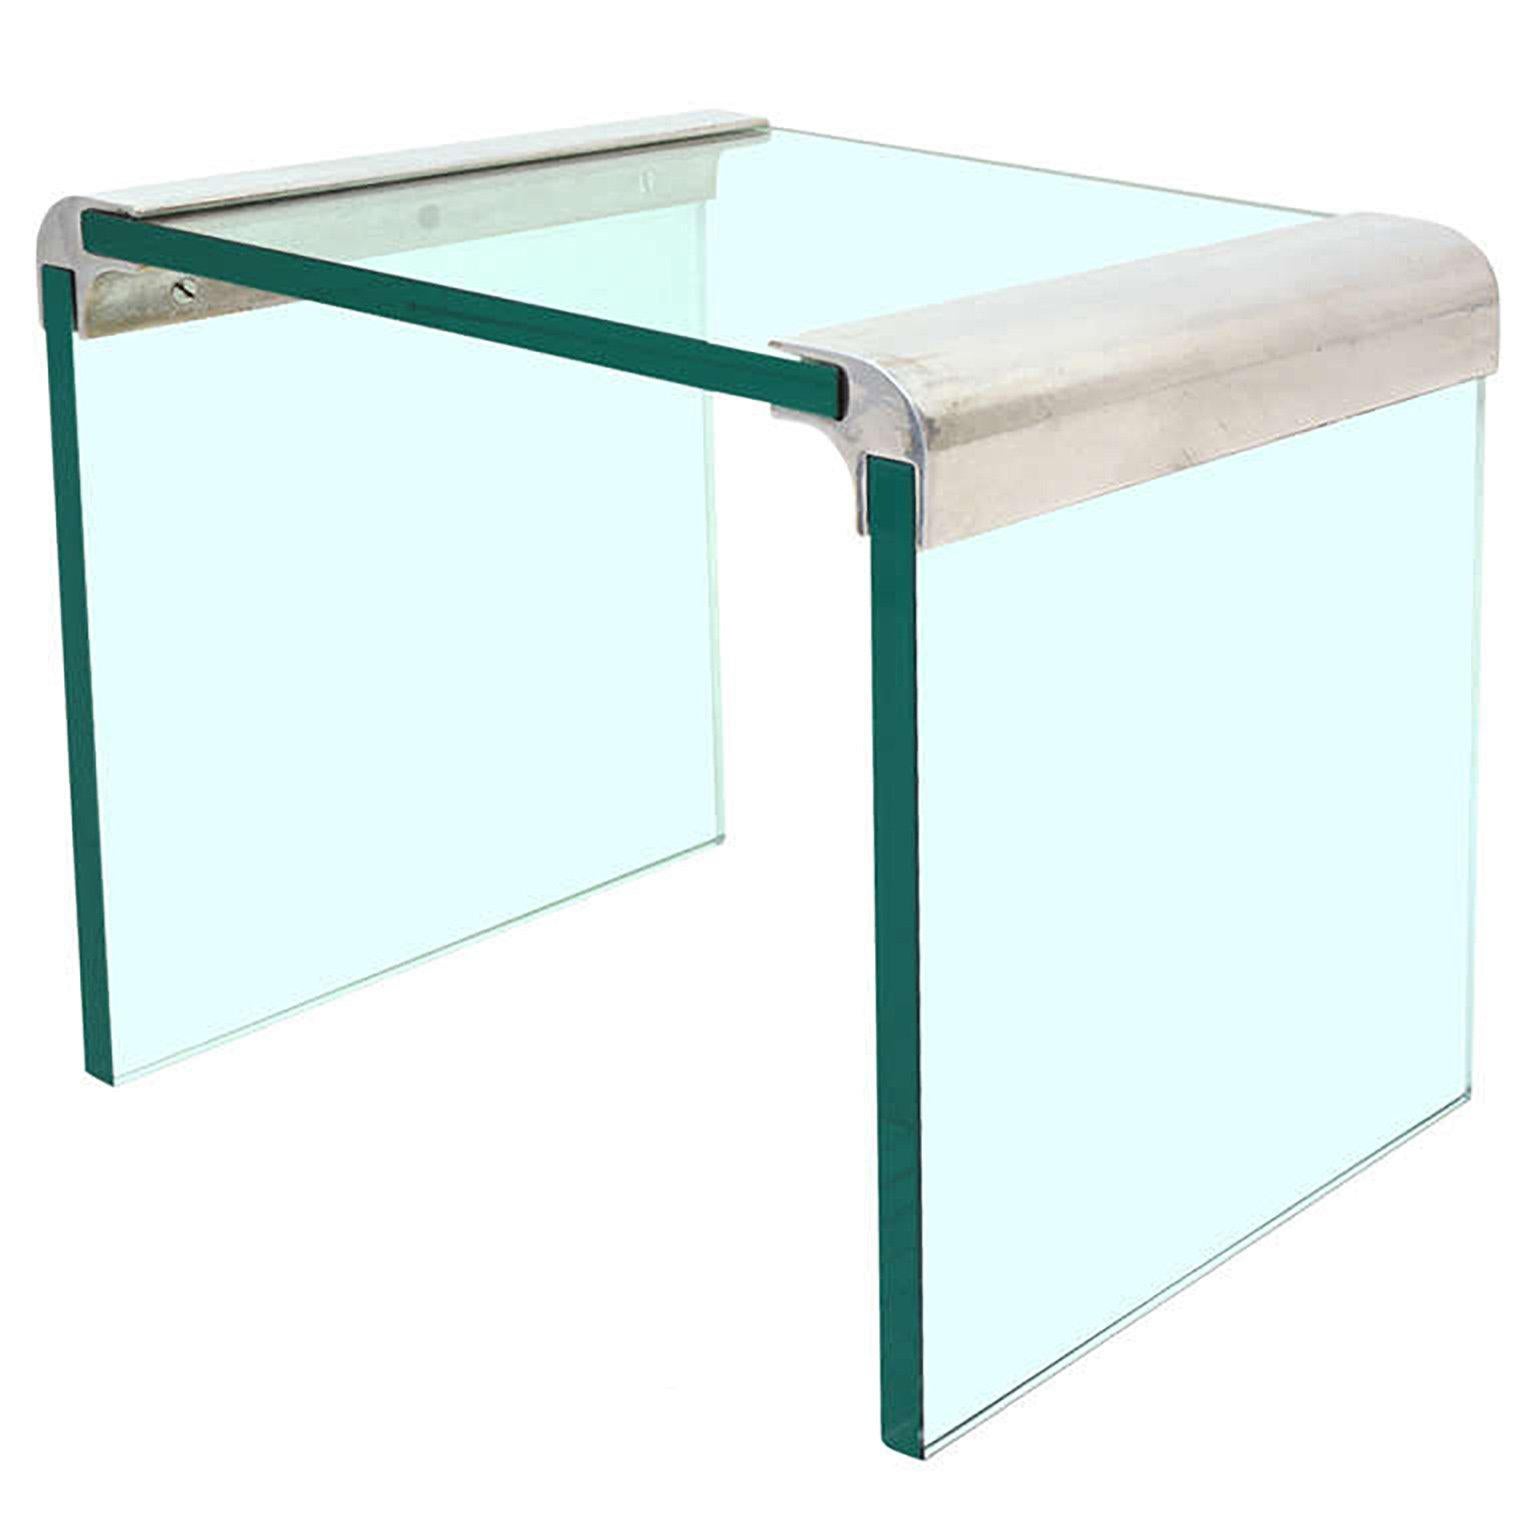 For your consideration a side table by PACE. Thick glass with green tones.
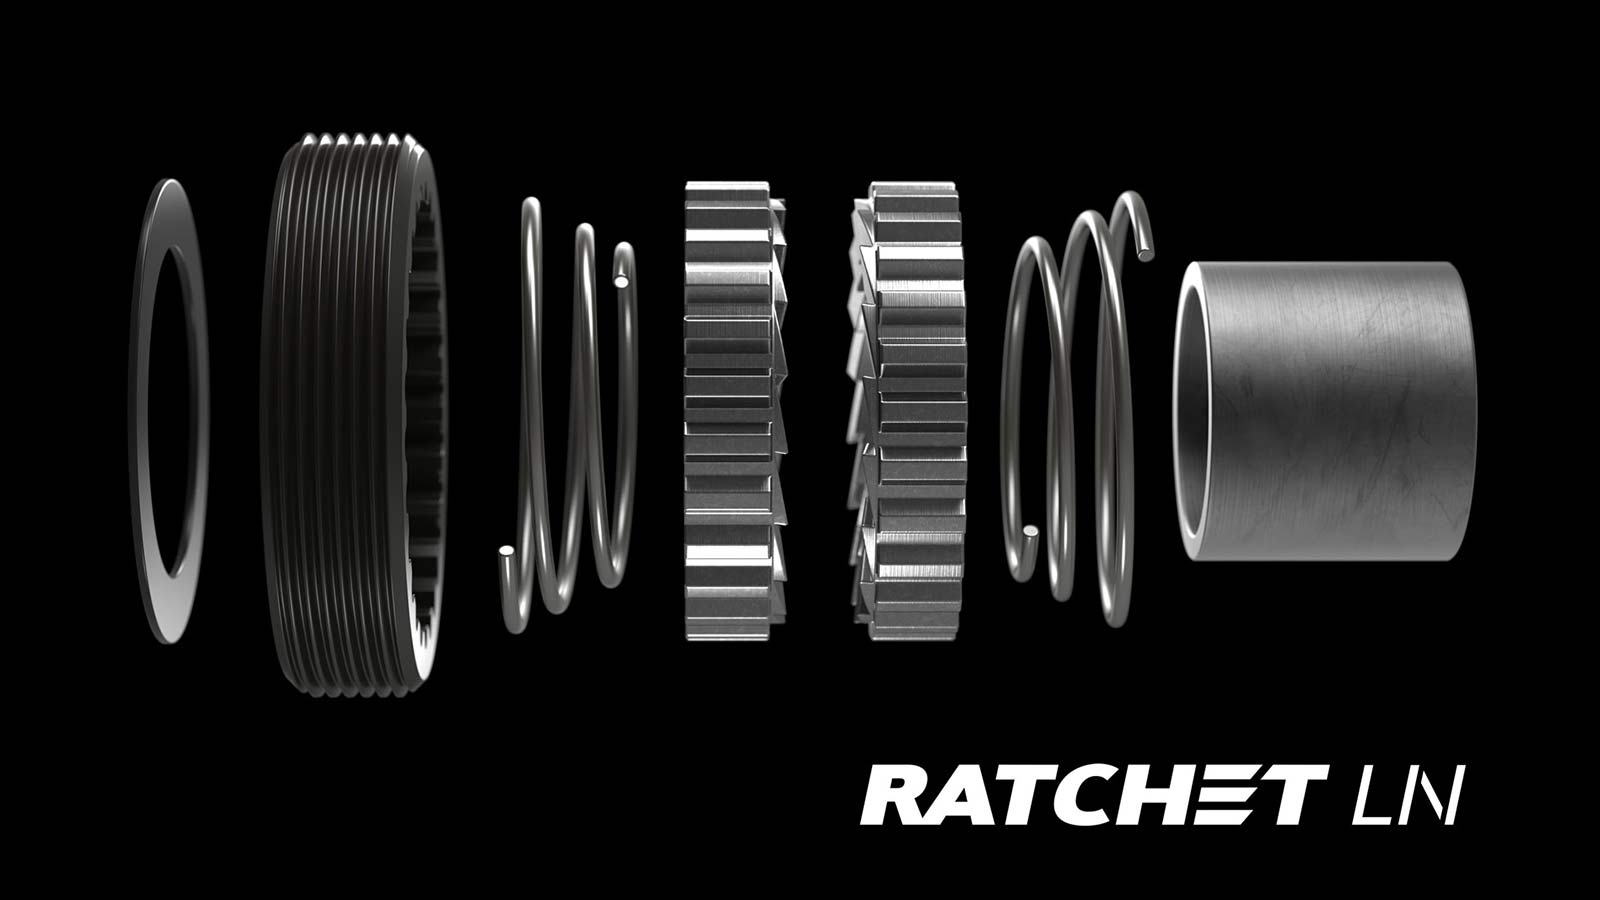 DT Swiss Ratchet LN hub upgrade kit, from 3-pawls to Star Ratchet, components
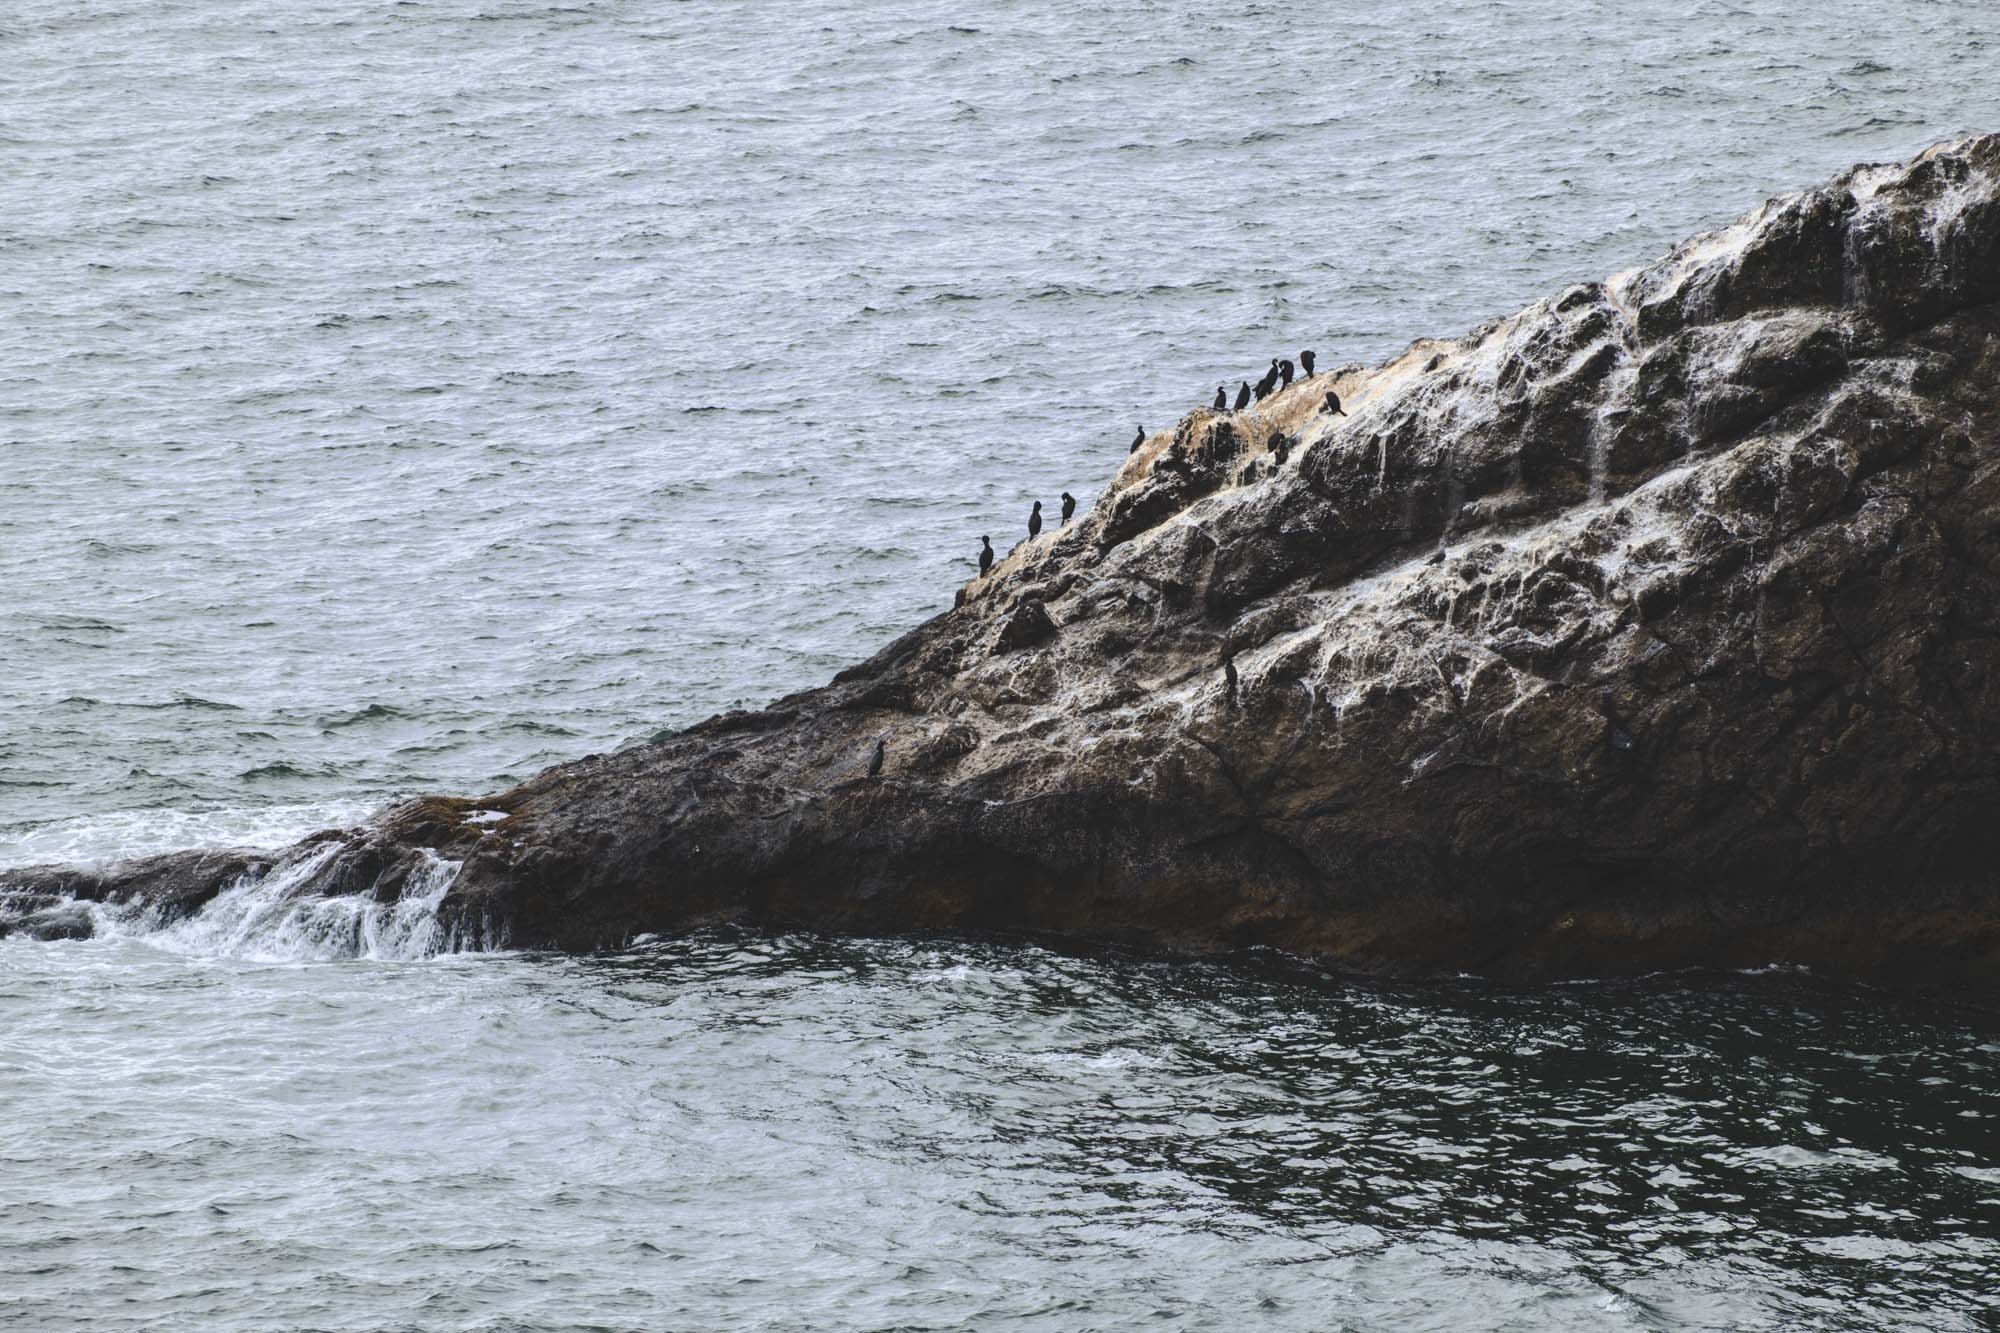 Birds and cliff face at Cape Disappointment, WA

== == ==

### [PROBLEM DESCRIPTION]
Output, exactly and only: the line containing "DT Swiss Ratchet", the last line of the listing above, and every line in between. Leave the pictures out.

### [TASK OUTPUT]
 DT Swiss Ratchet LN hub upgrade kit, from 3-pawls to Star Ratchet, components
 Birds and cliff face at Cape Disappointment, WA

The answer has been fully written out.